### EXERCISE INSTRUCTIONS
Before you return the entries below, strip out the pictures and keep all else exact.

◆ ◆ ◆ ◆ ◆ ◆ ◆

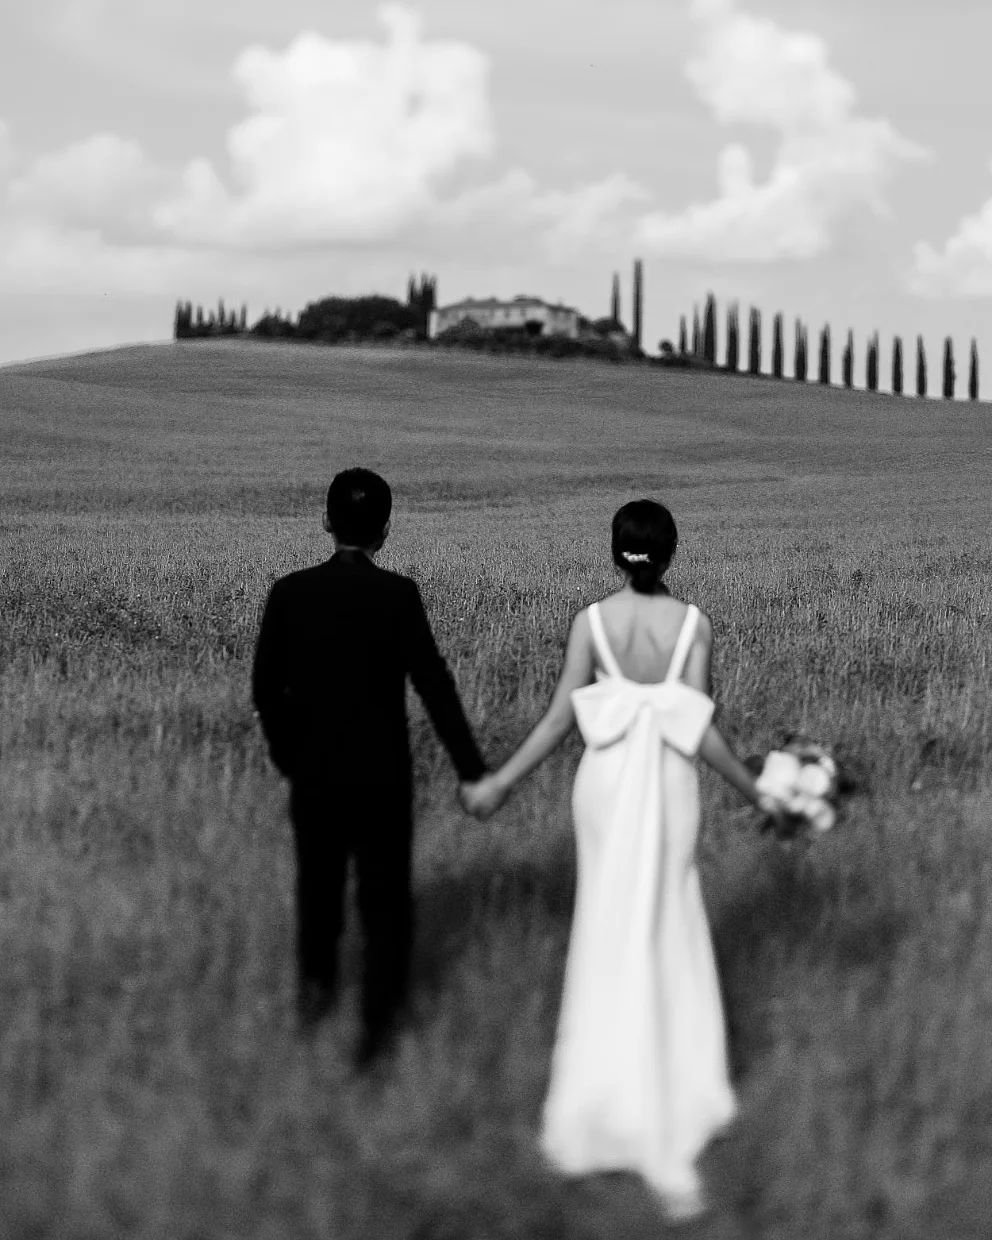 Dreamlike from Tuscany🌾

.
.
.
.
.
.
.
.
.
.
.
.
.
.
.
.
.
.
.
.
.
.
.
#tuscany
#tuscanyelopement
#tuscanyweddingphotographer
#sienaweddingphotographer #pugliaweddingphotographer #lakegardaphotographer #florencephotographer
#florenceweddingphotograp

◆ ◆ ◆ ◆ ◆ ◆ ◆

### ANSWER FOR THIS EXERCISE
 Dreamlike from Tuscany🌾

.
.
.
.
.
.
.
.
.
.
.
.
.
.
.
.
.
.
.
.
.
.
.
#tuscany
#tuscanyelopement
#tuscanyweddingphotographer
#sienaweddingphotographer #pugliaweddingphotographer #lakegardaphotographer #florencephotographer
#florenceweddingphotograp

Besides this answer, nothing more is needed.